WHAT TO DO: A faithful transcript of every entry is required; pictures do not belong in it.

ENTRIES SHOWN:

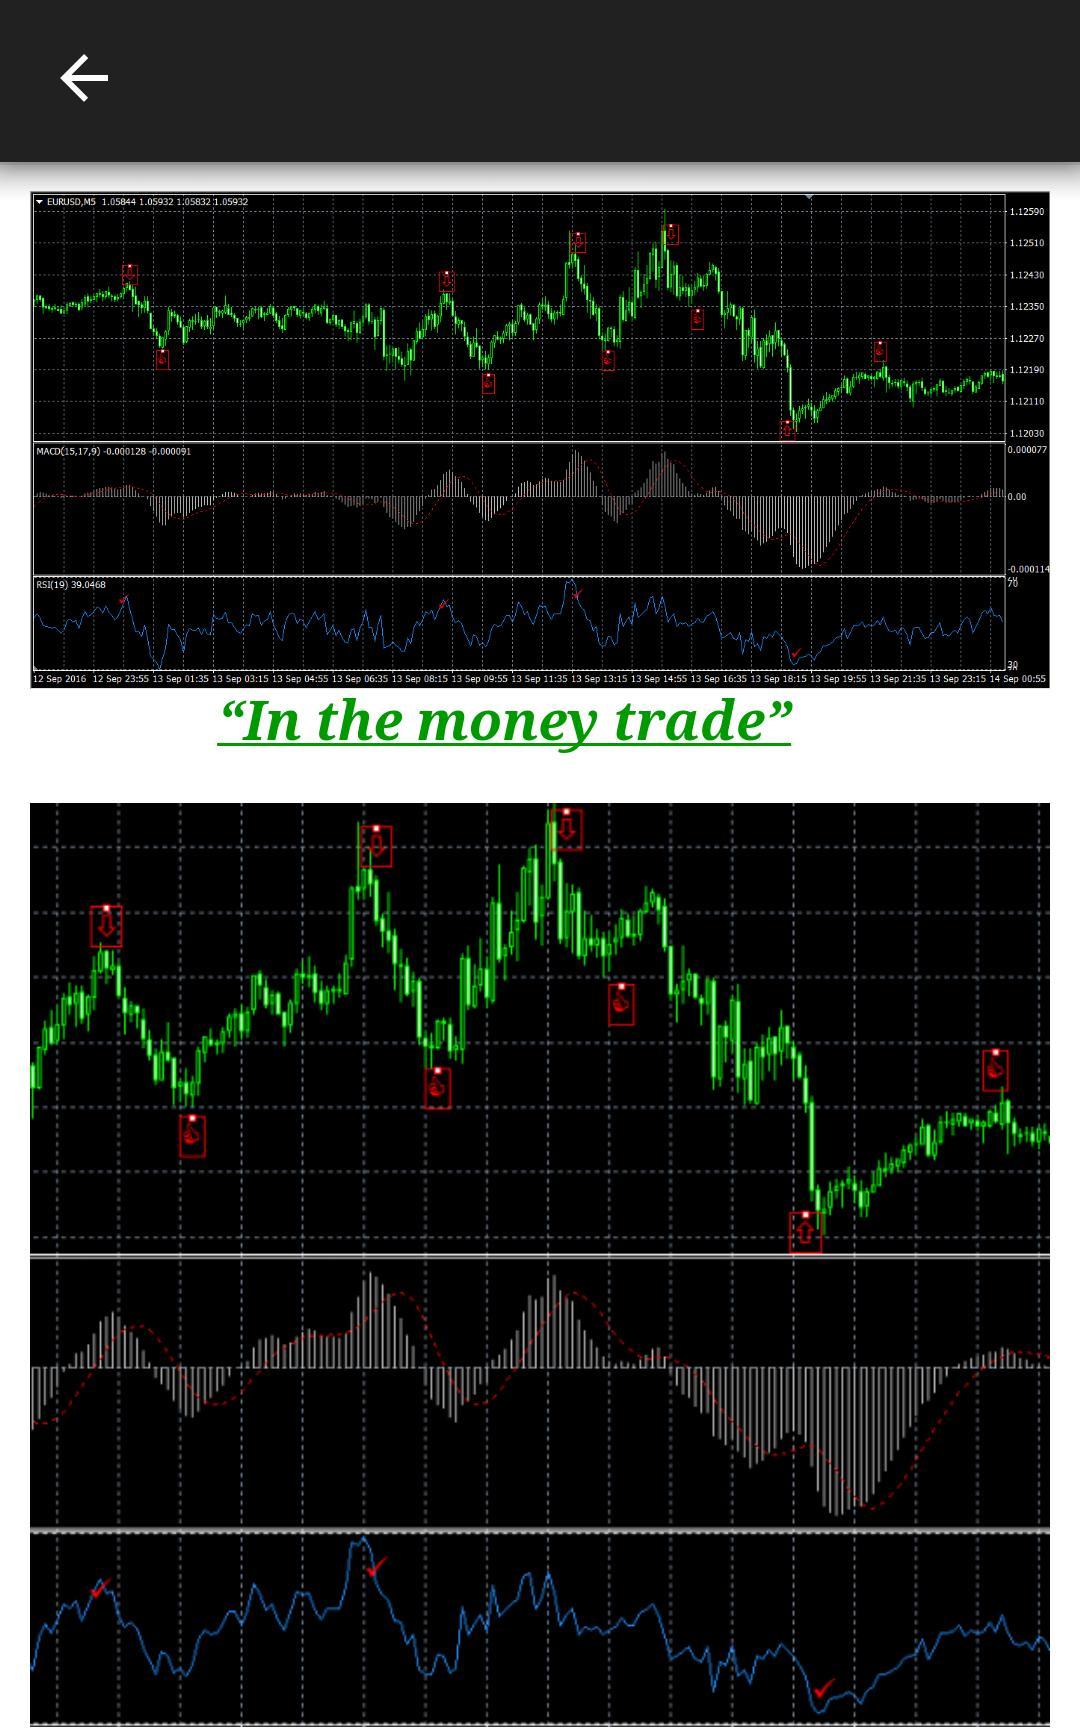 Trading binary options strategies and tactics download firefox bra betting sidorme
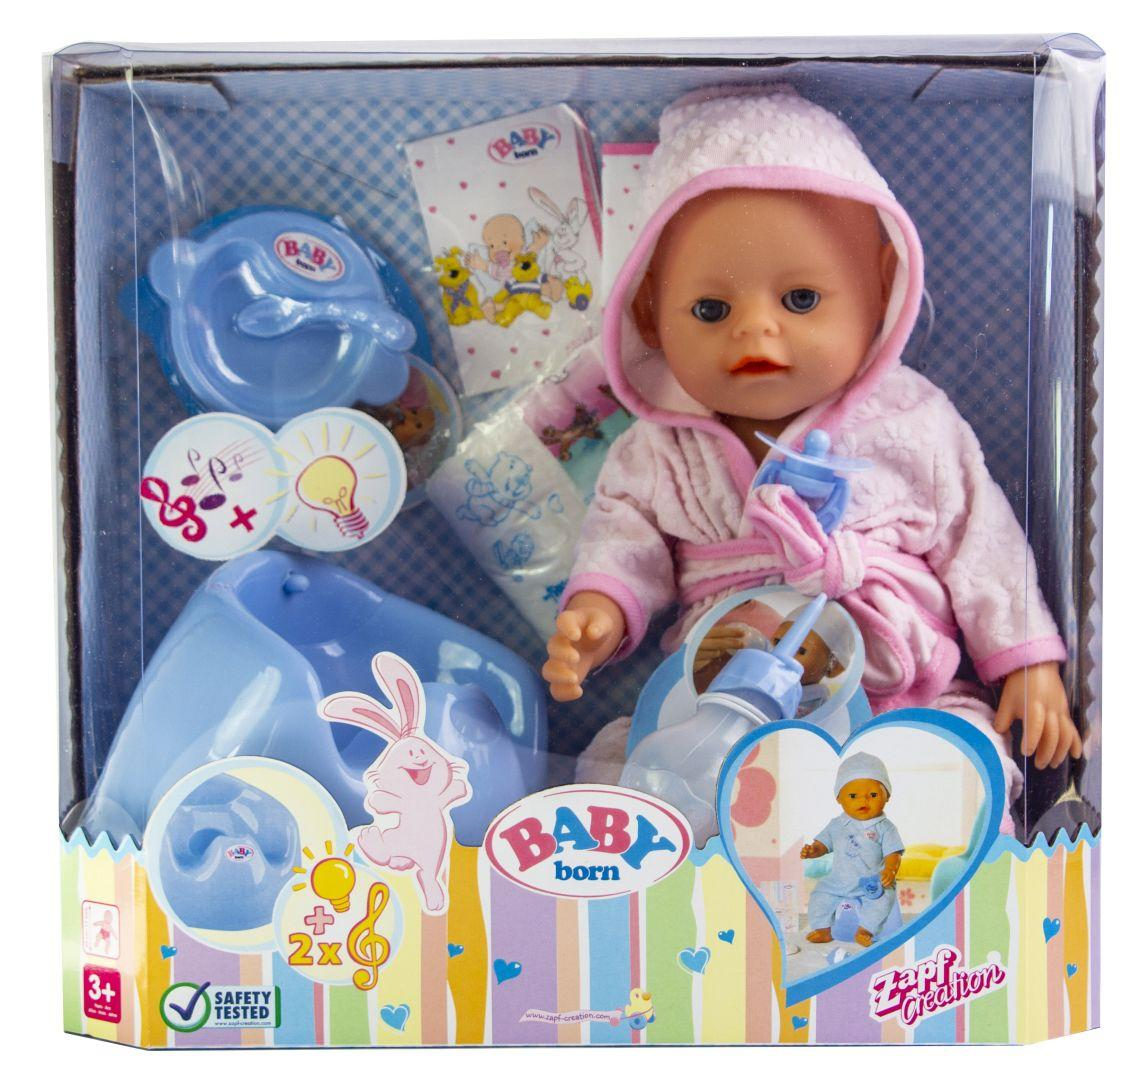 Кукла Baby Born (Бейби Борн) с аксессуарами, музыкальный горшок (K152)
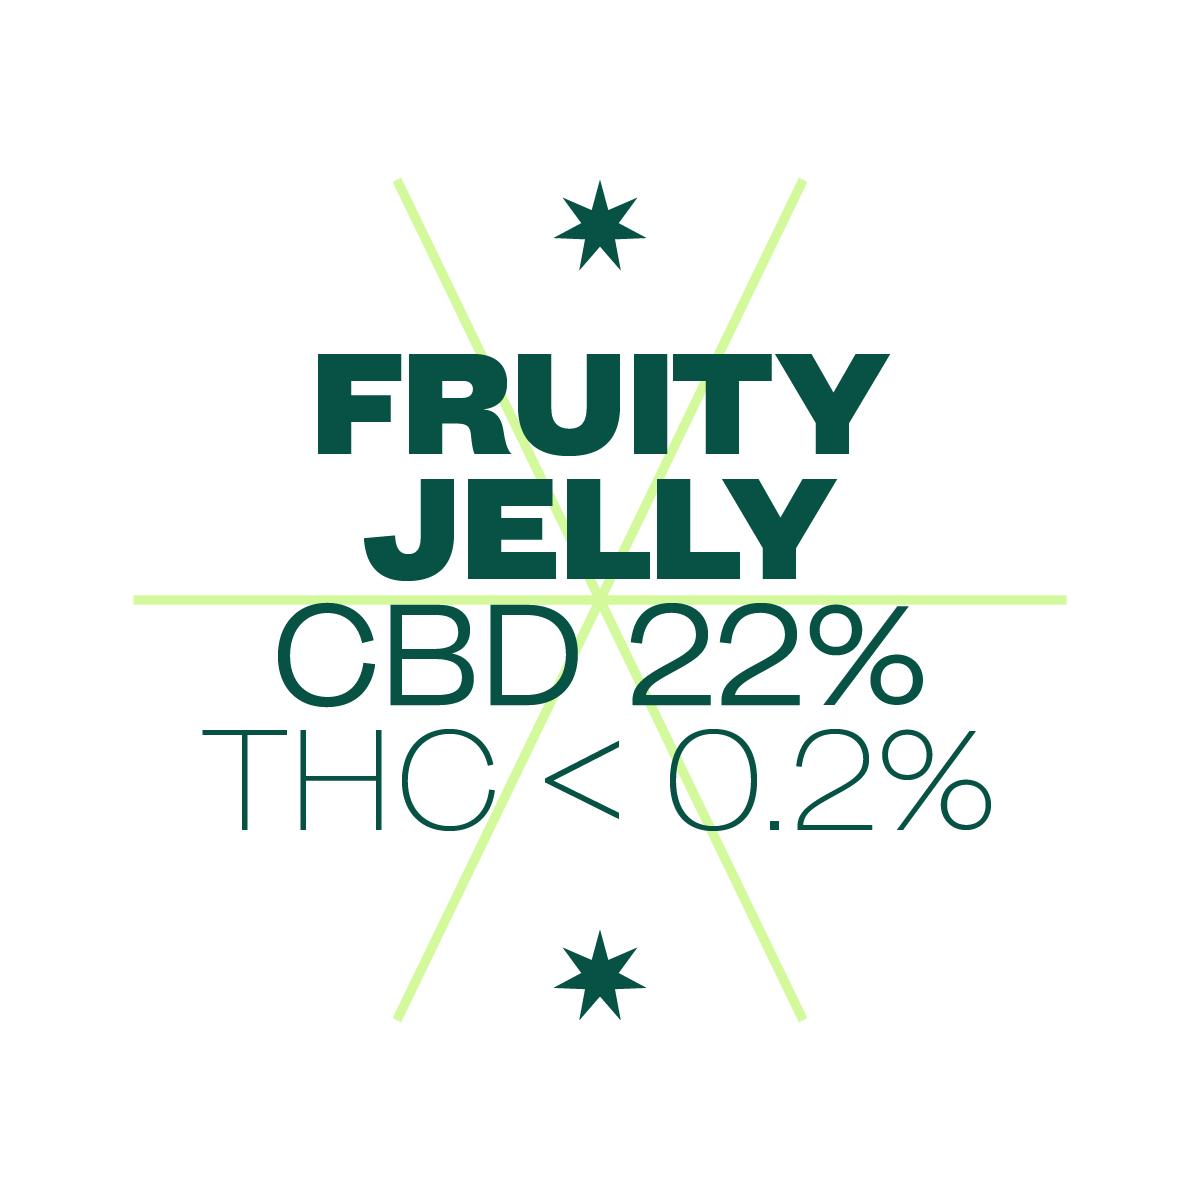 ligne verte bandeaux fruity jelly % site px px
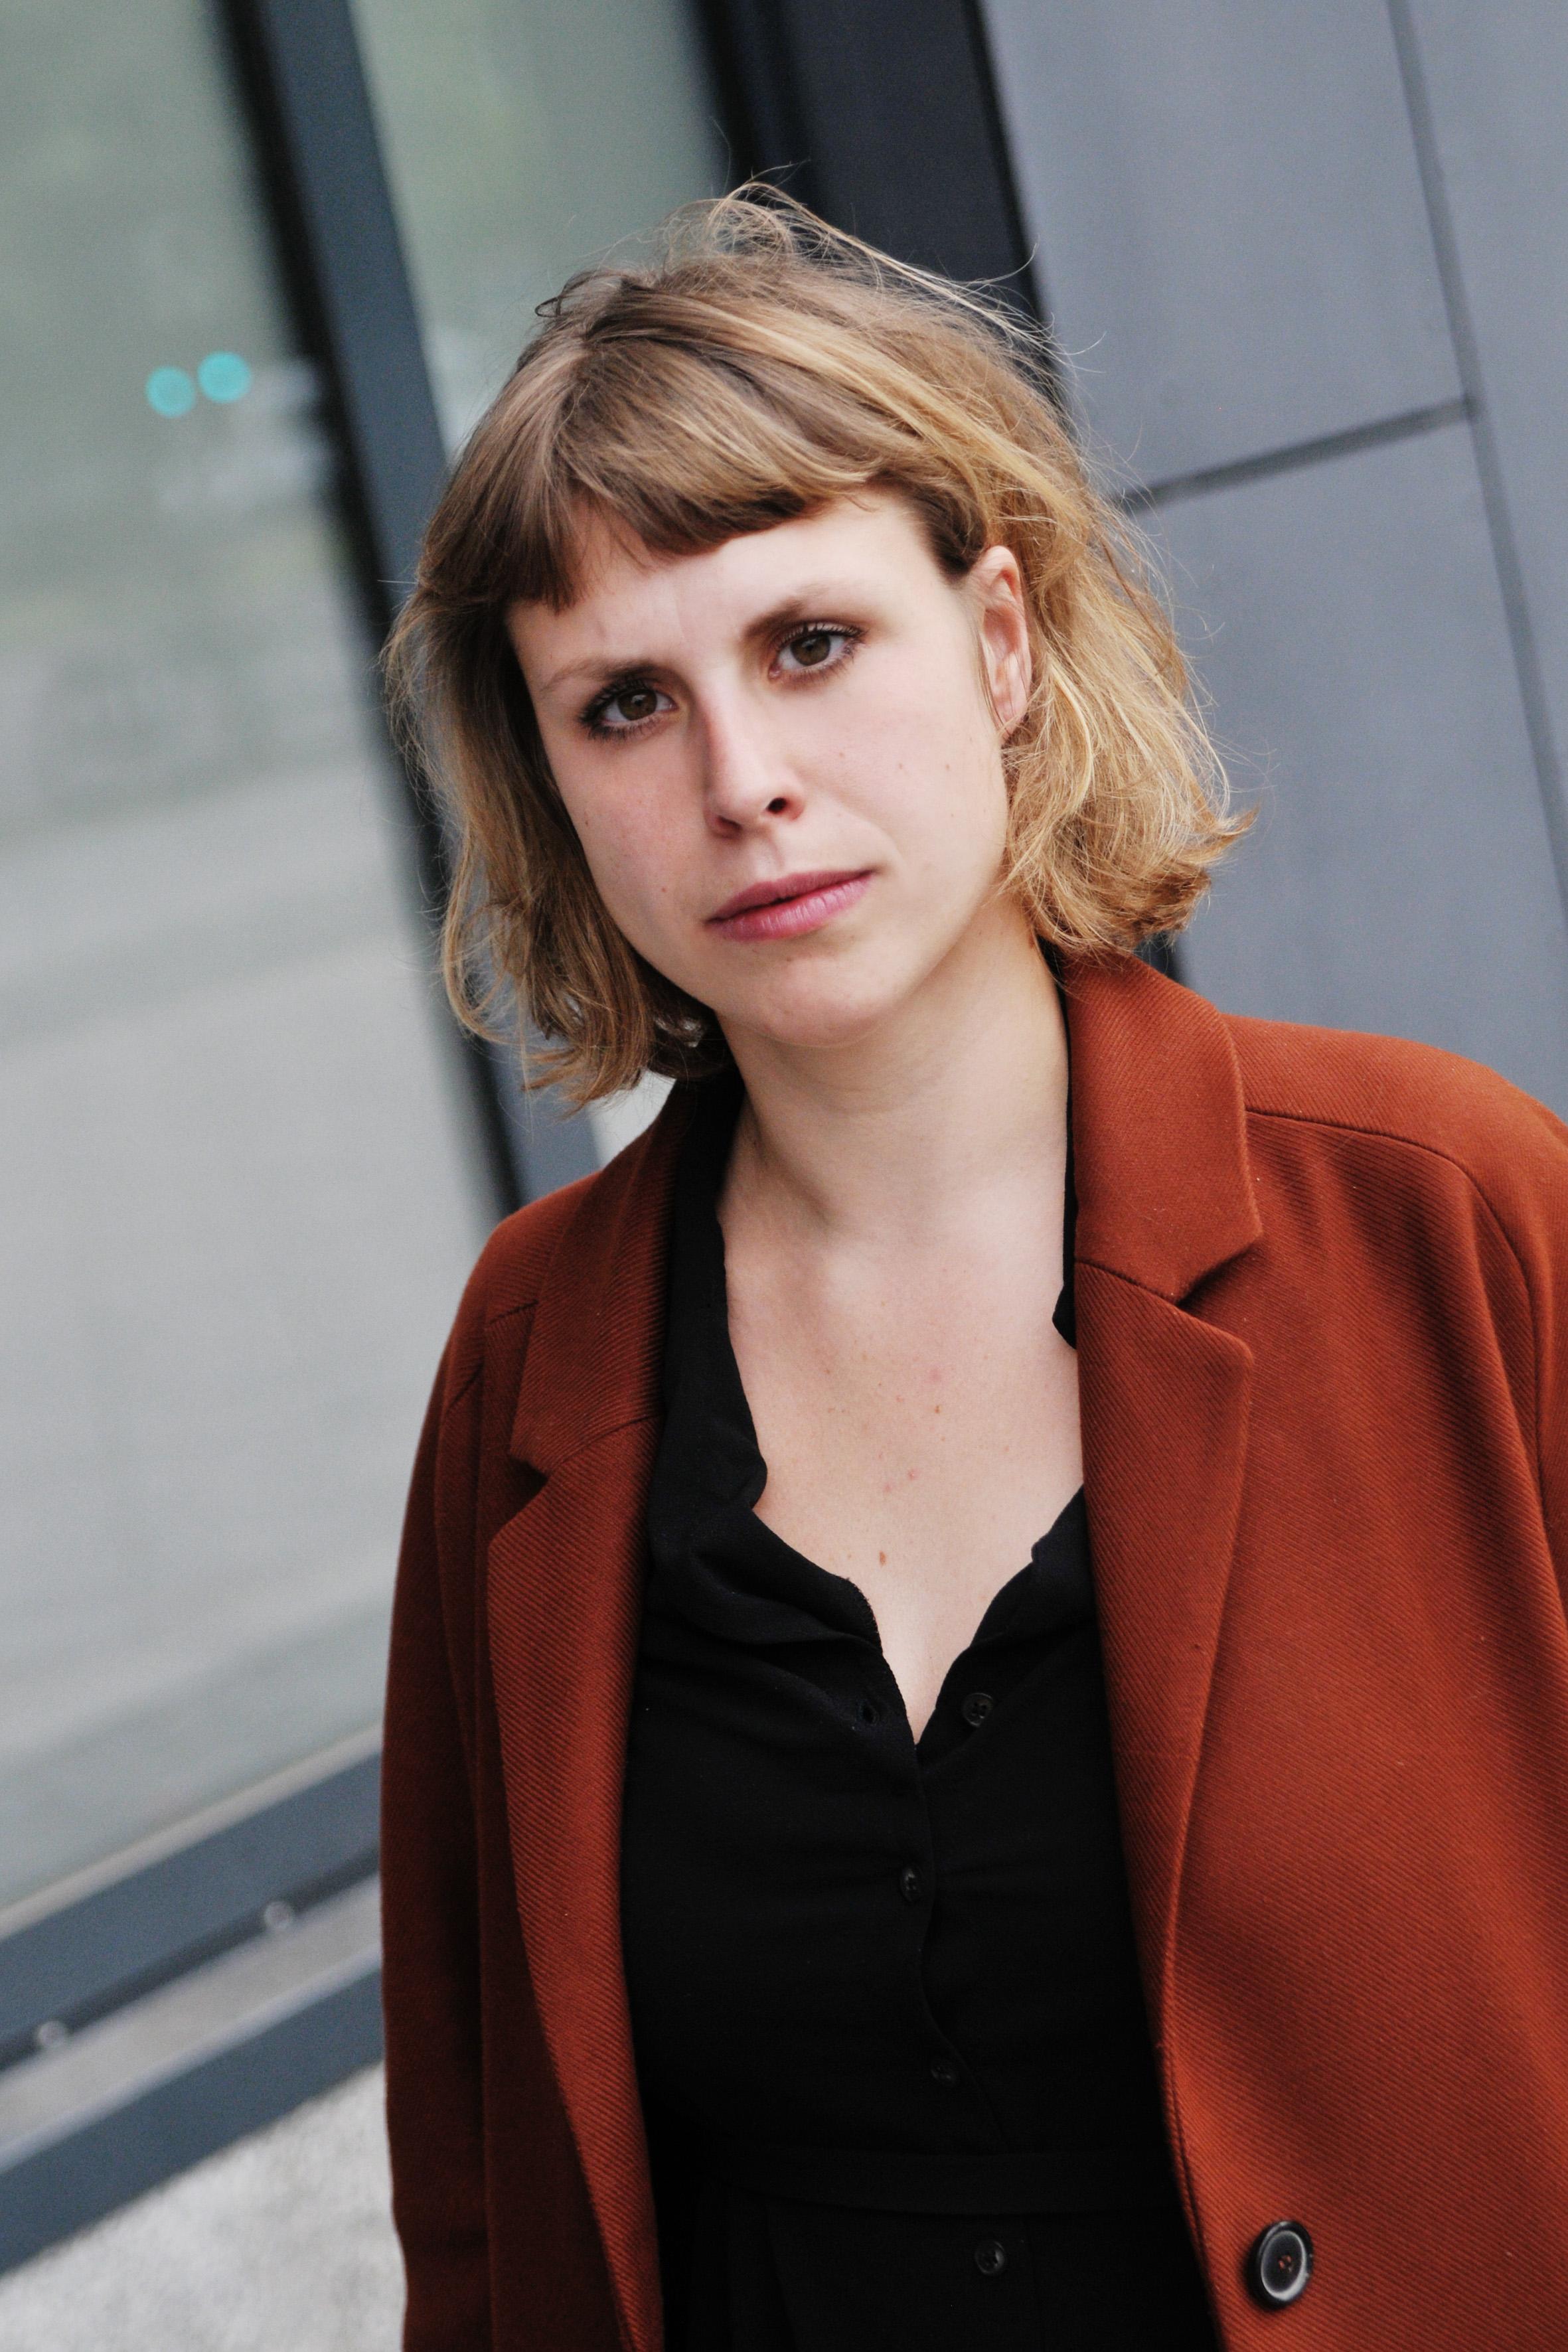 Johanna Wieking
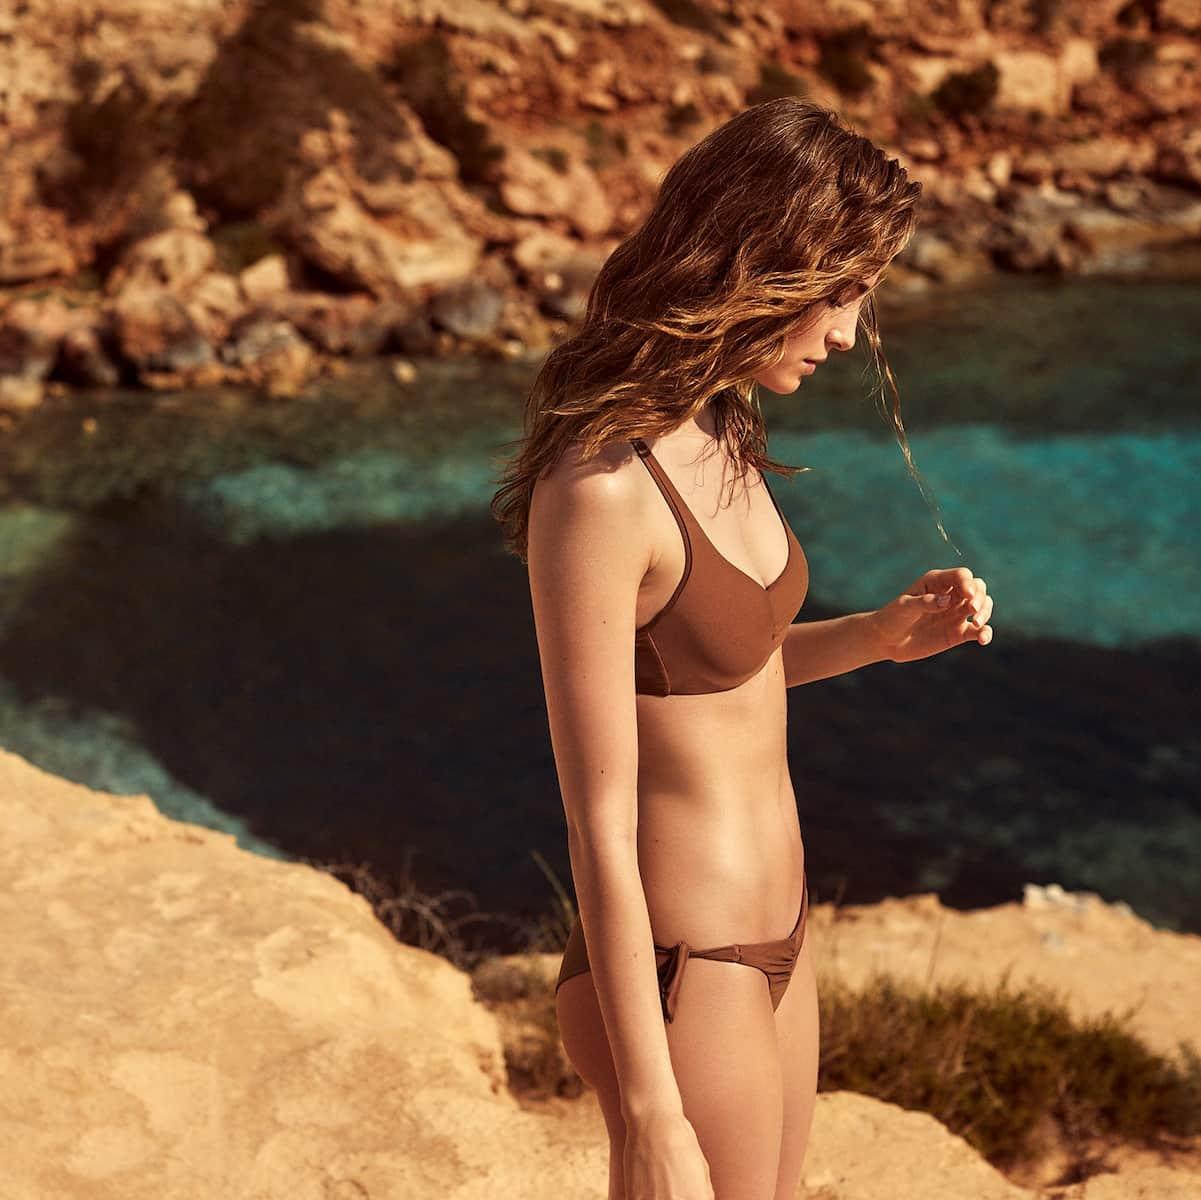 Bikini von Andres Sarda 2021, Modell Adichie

OUTPUT OF THE TASK:
 Trading binary options strategies and tactics download firefox bra betting sidorme
 Кукла Baby Born (Бейби Борн) с аксессуарами, музыкальный горшок (K152)
 ligne verte bandeaux fruity jelly % site px px
 Johanna Wieking
 Bikini von Andres Sarda 2021, Modell Adichie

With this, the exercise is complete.